In this study, the G4-ECONS model was applied to investigate the economics of repowering a supercritical coal-fired power plant in China with a high-temperature gas-cooled reactor. The results once again show that C2N projects perform better economically than stand-alone, greenfield nuclear projects. However, this cost reduction is insufficient. Compared to the feed-in prices of NPPs in China, the LUEC of C2N projects will have to be reduced by at least 20% to become competitive in the future. In future work, it will be necessary to make more precise estimates. A comprehensive ageing management and life assessment for CPPs components should be conducted.

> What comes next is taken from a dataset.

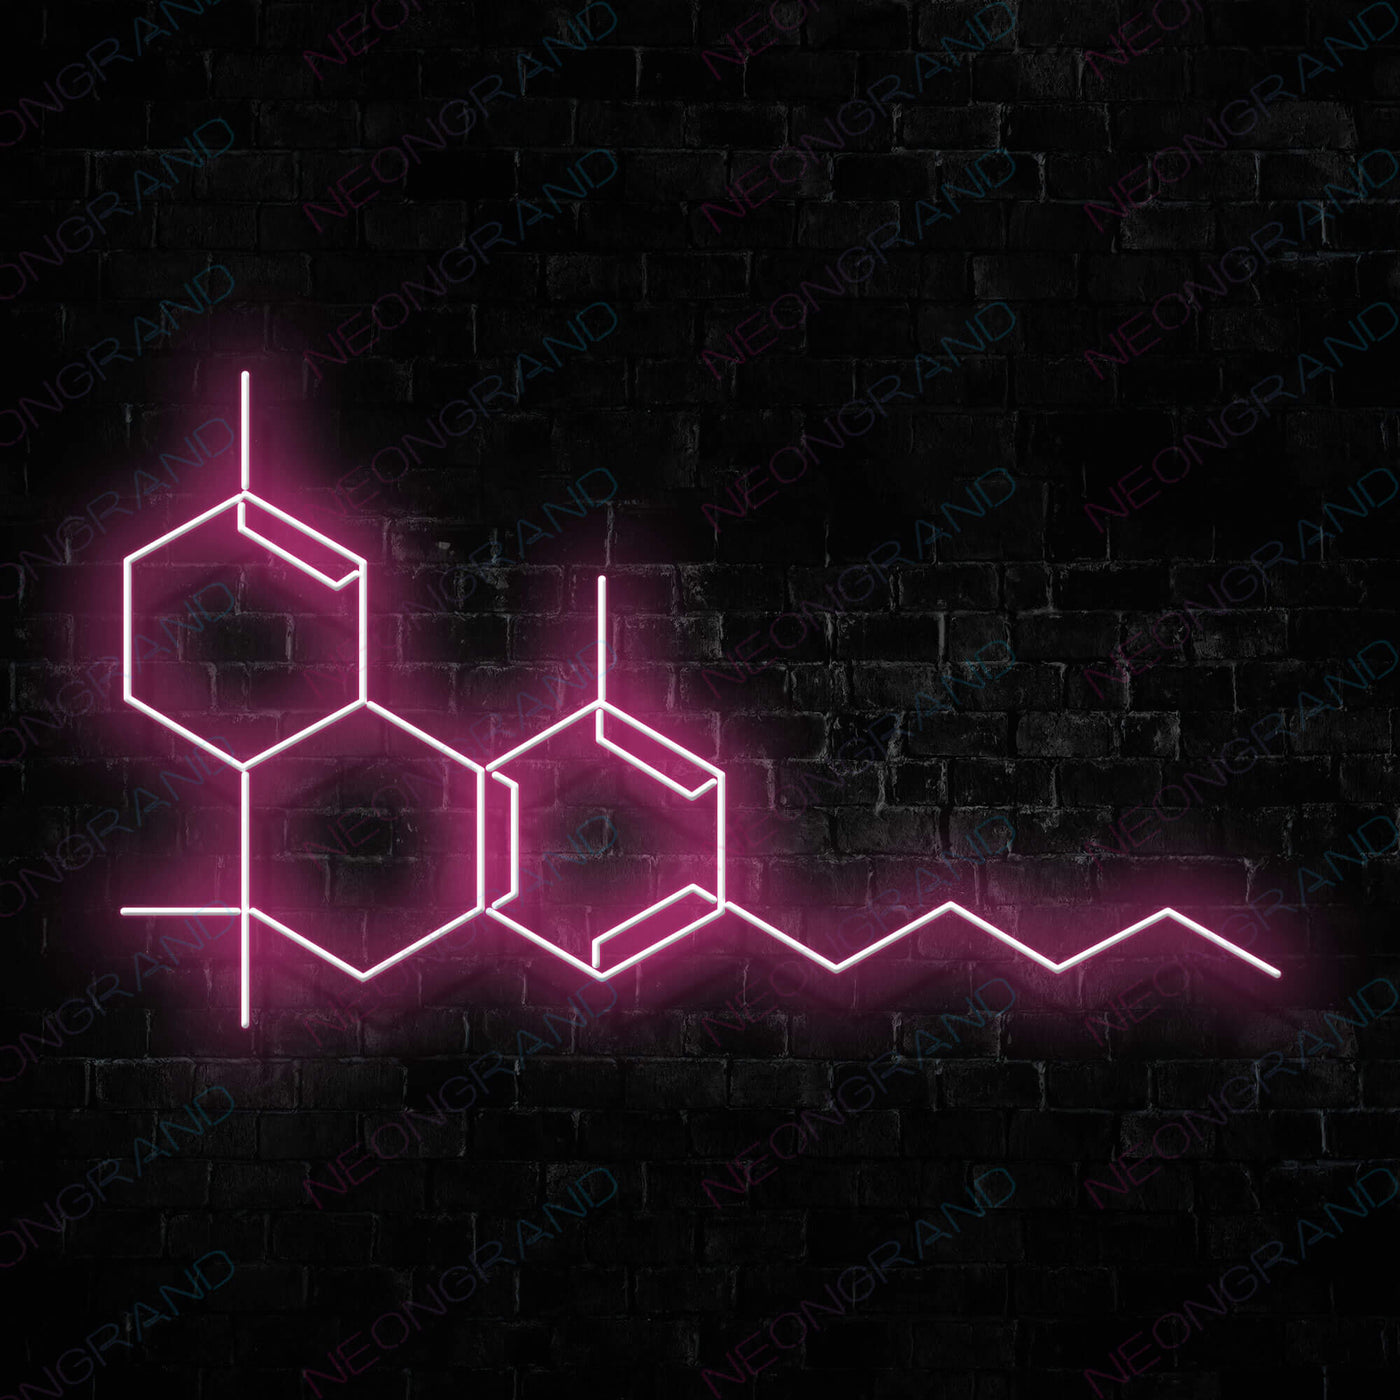 THC Molecule Weed Neon Sign Led Light pink
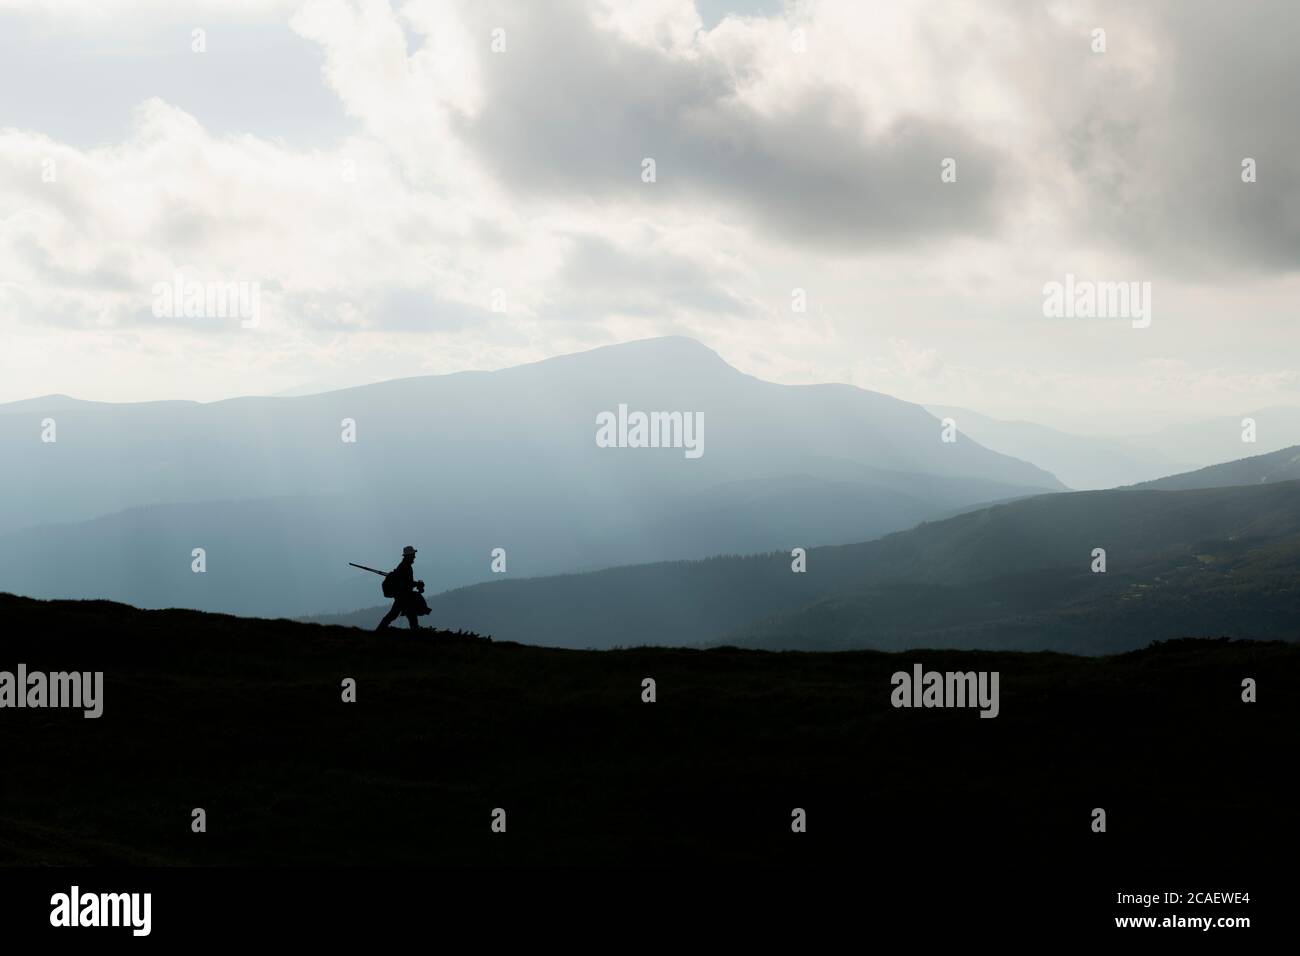 A silhouette of a photographer with a tripod against the backdrop of the majestic mountains. Landscape photography Stock Photo

And CPP components need to be divided into two categories: replaceable components and reusable components, and analyze different costs for each category.

In addition, the cost of dispatching electricity from the grid during the retrofitting should be given more attention. It may account for 5% of the total capitalized cost. With proper planning in advance, this cost can be reduced.